Work required:
Please give back each line of the material unchanged, but without the images.
++++ Supplied information
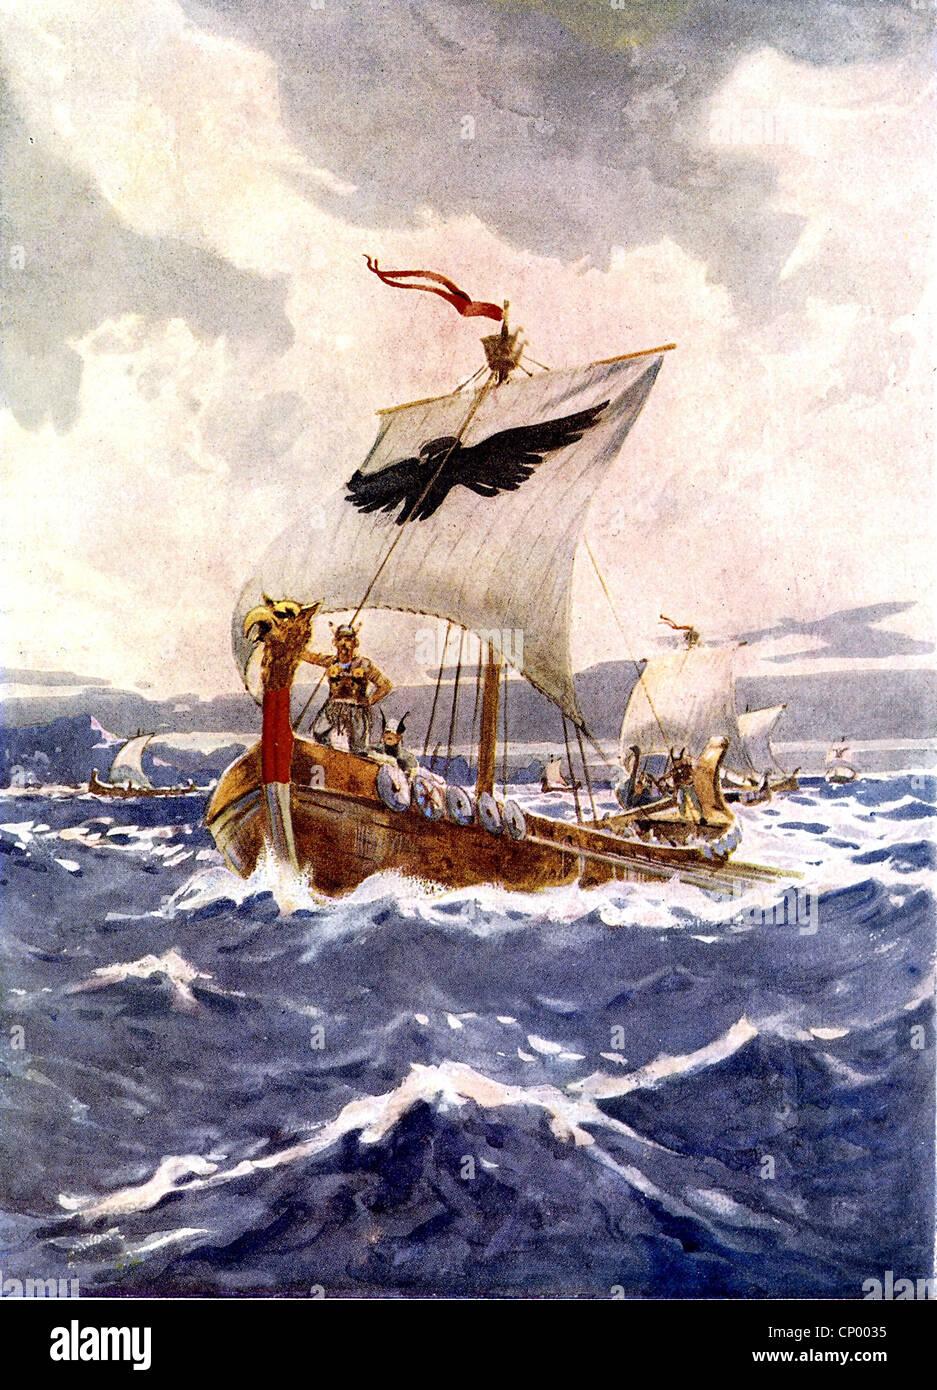 De la Edad Media, los Vikingos, barco vikingo, vela, pintura por arco Webb, histórico, histórico, buques, barco,Foto de stock
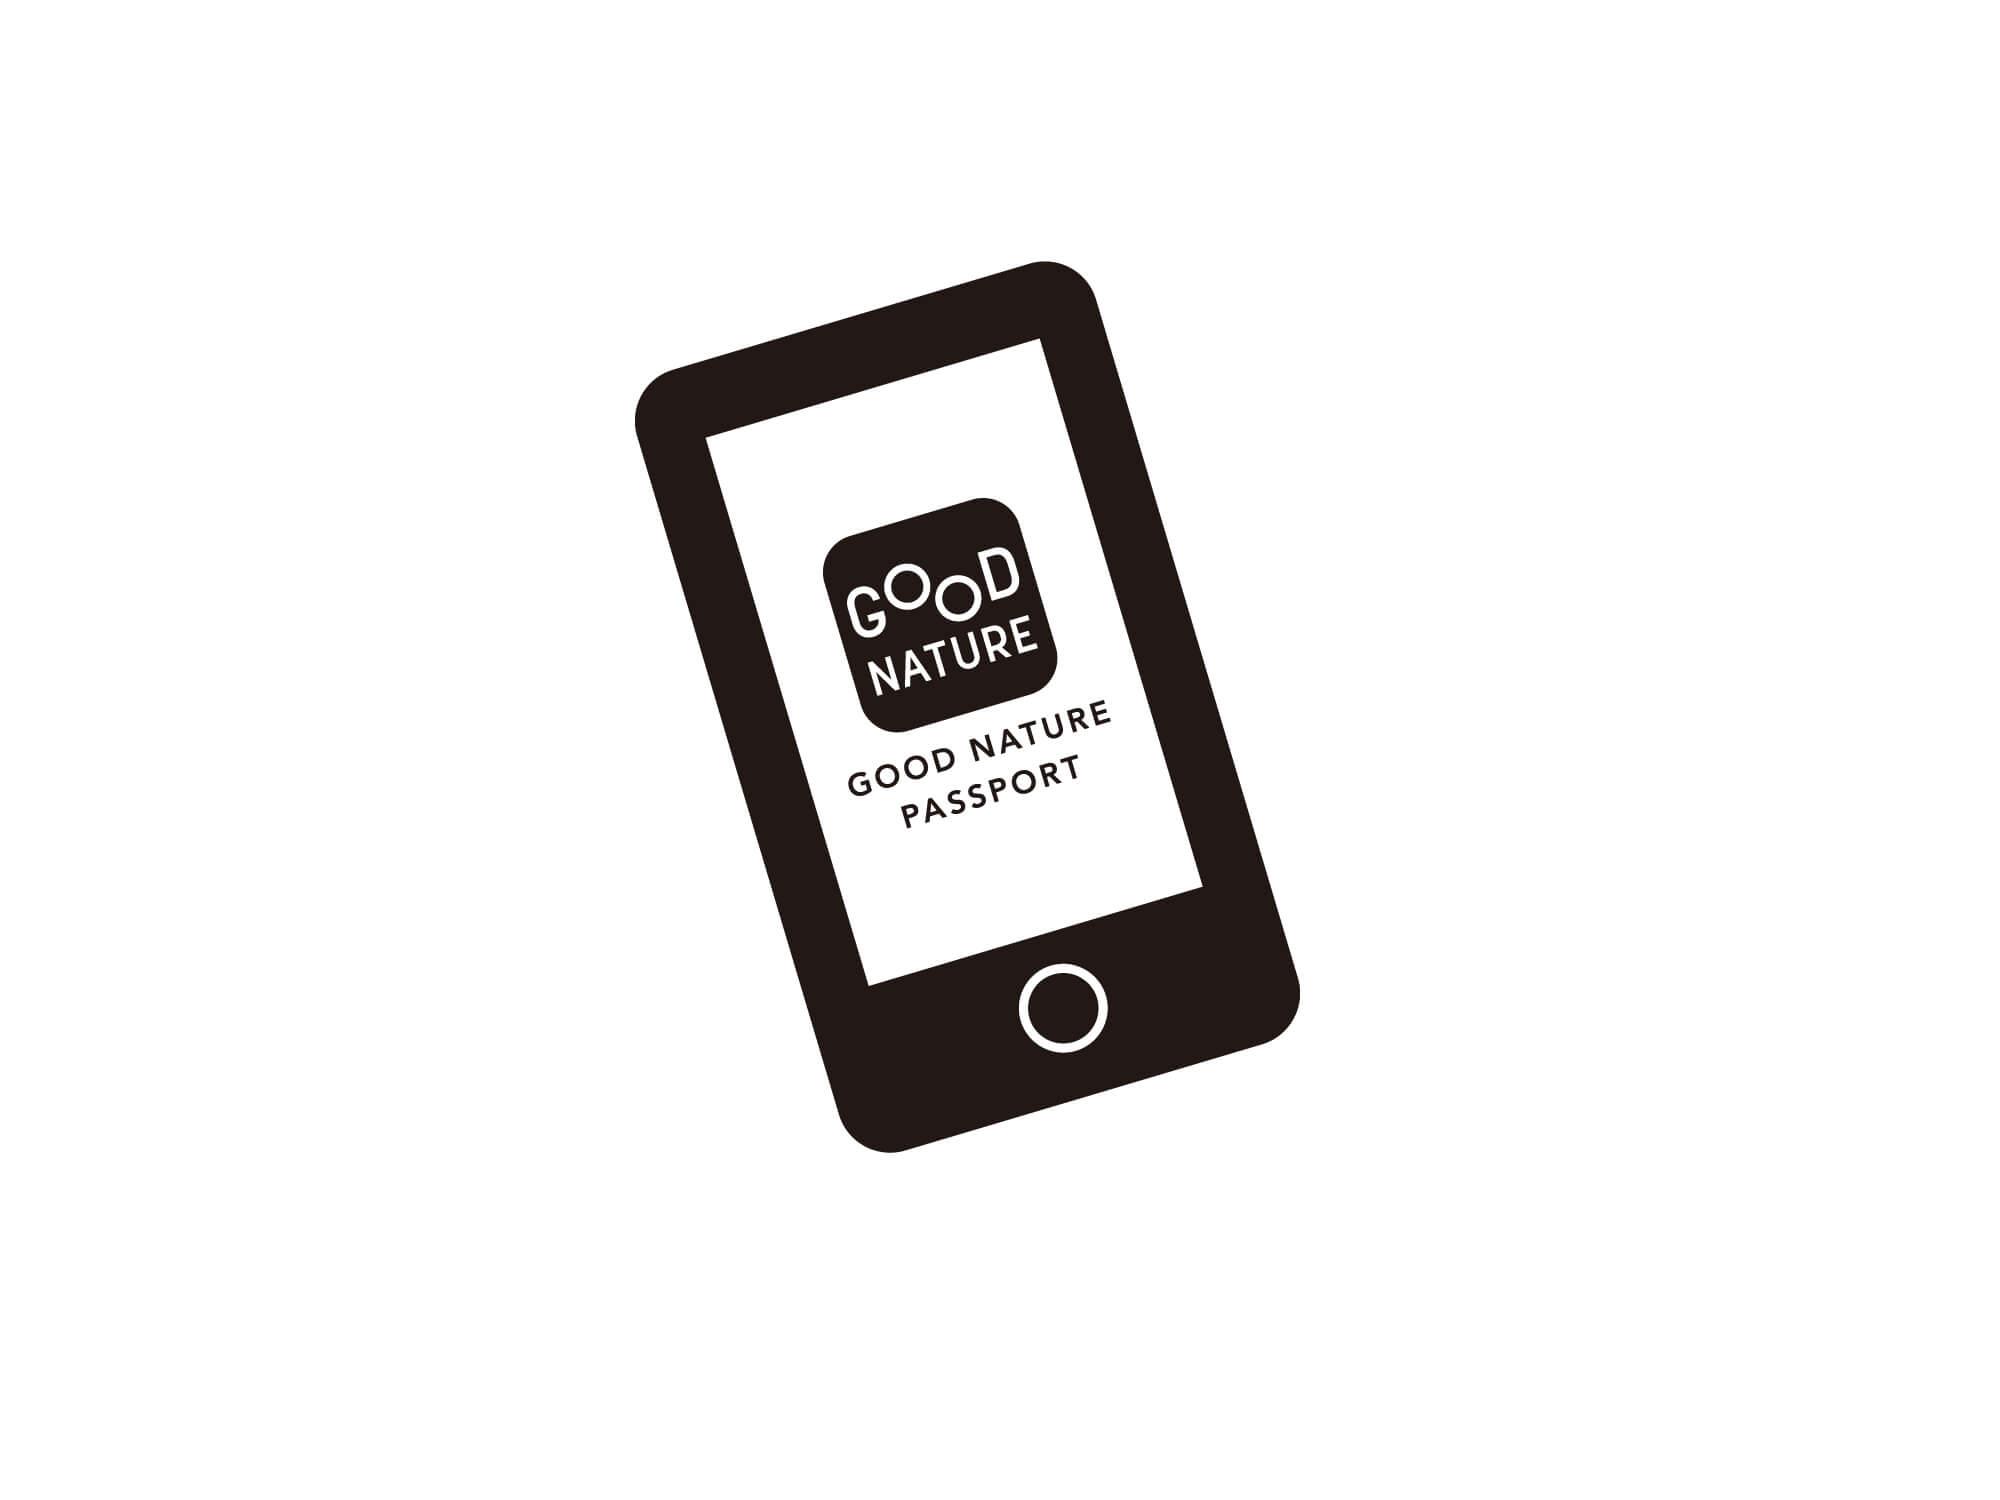 公式アプリ「GOOD NATURE PASSPORT」が更に便利に!
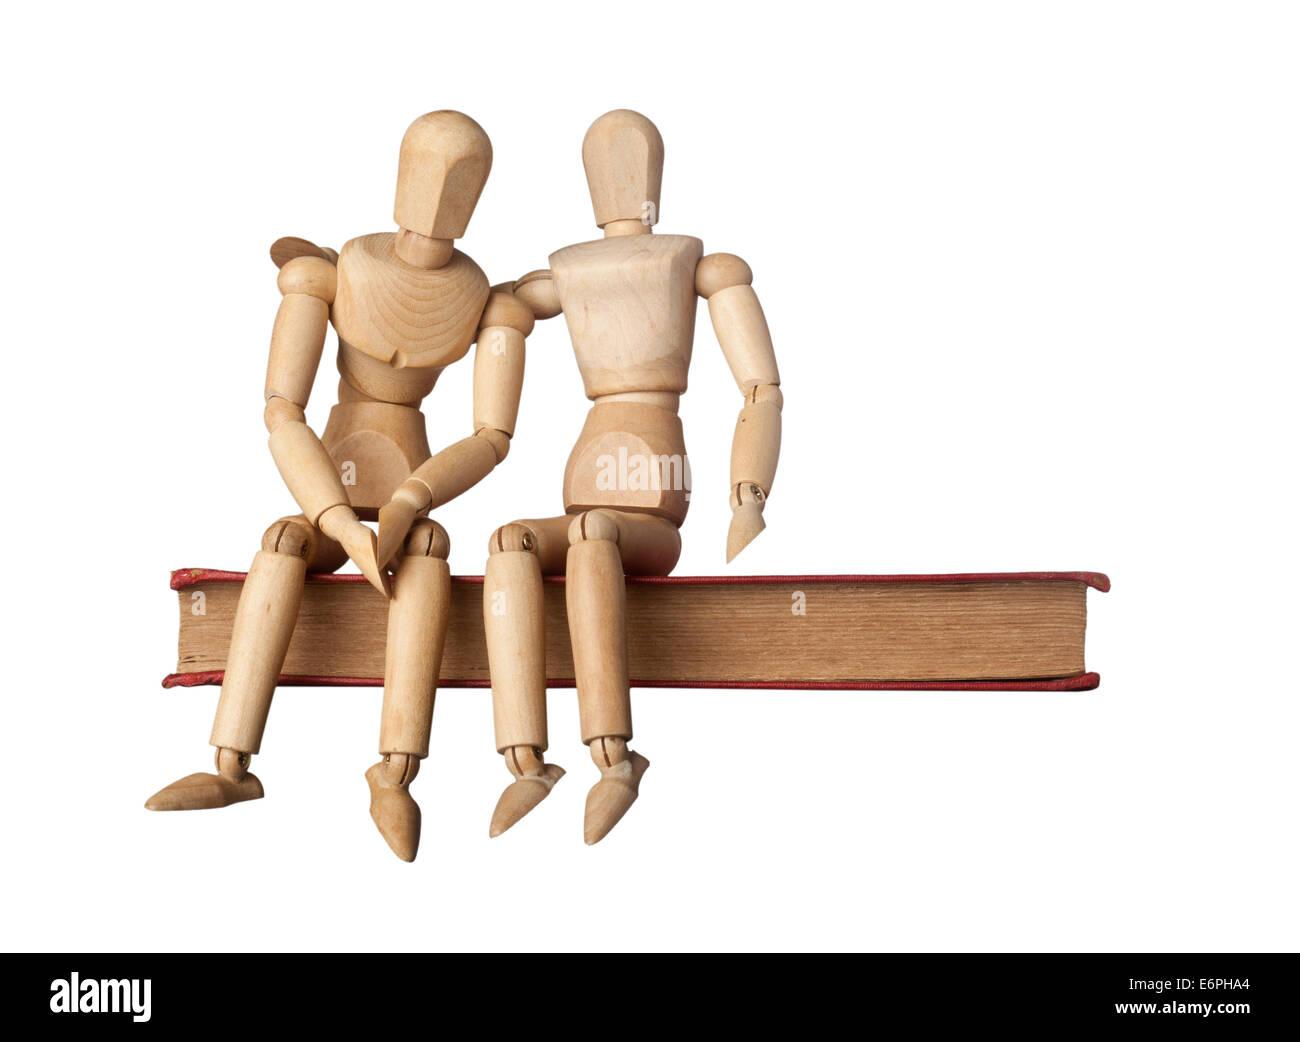 Consuelo de un amigo representado por dos figuras en un libro aislado sobre fondo blanco. Imagen De Stock
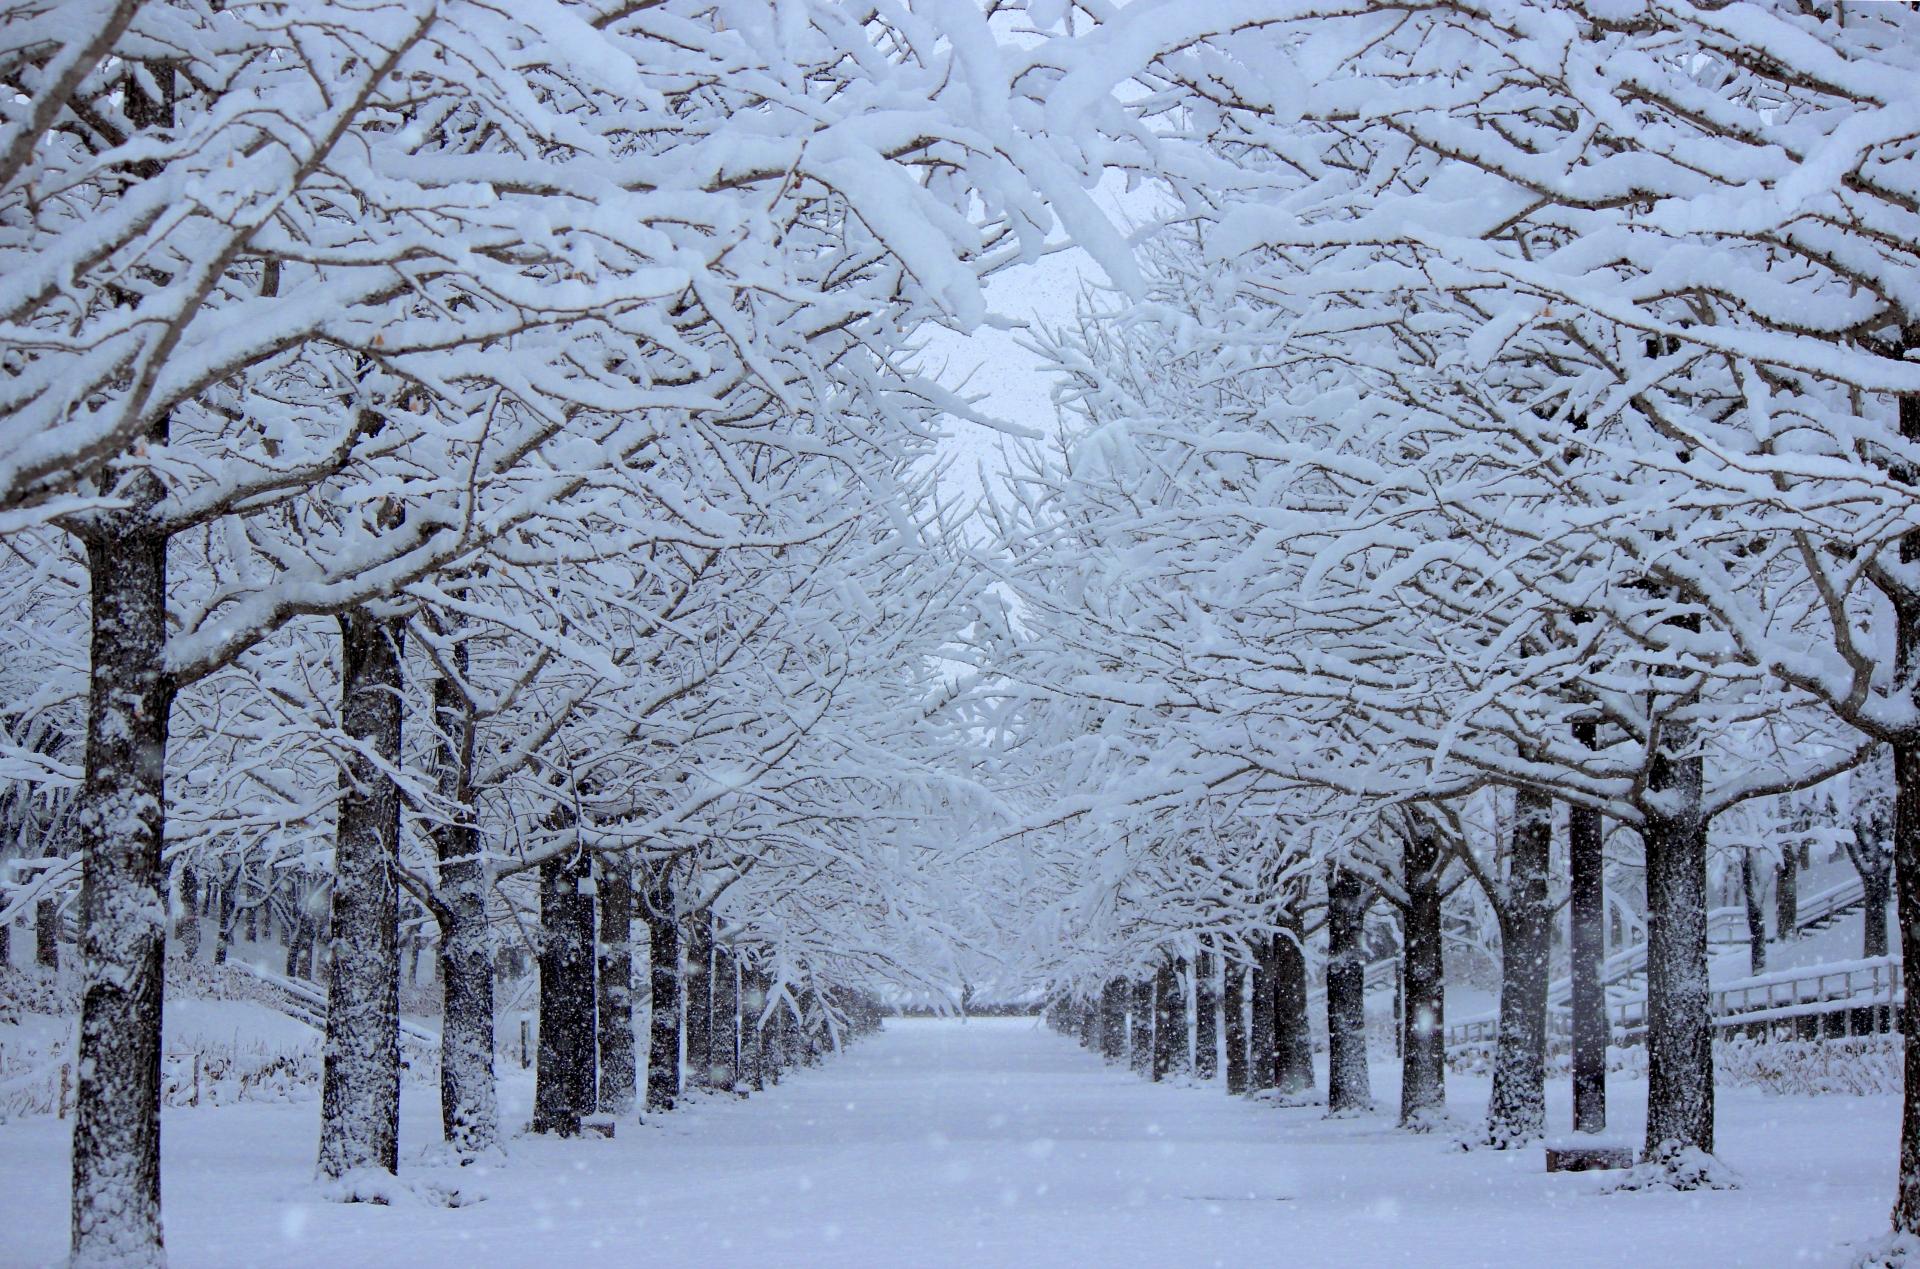 冬季うつ,ウインターブルー、季節性感情障害   実は身近なうつ病
++++++++
Answer box:
 De la Edad Media, los Vikingos, barco vikingo, vela, pintura por arco Webb, histórico, histórico, buques, barco,Foto de stock
 公式アプリ「GOOD NATURE PASSPORT」が更に便利に!
 Consuelo de un amigo representado por dos figuras en un libro aislado sobre fondo blanco. Imagen De Stock
 冬季うつ,ウインターブルー、季節性感情障害   実は身近なうつ病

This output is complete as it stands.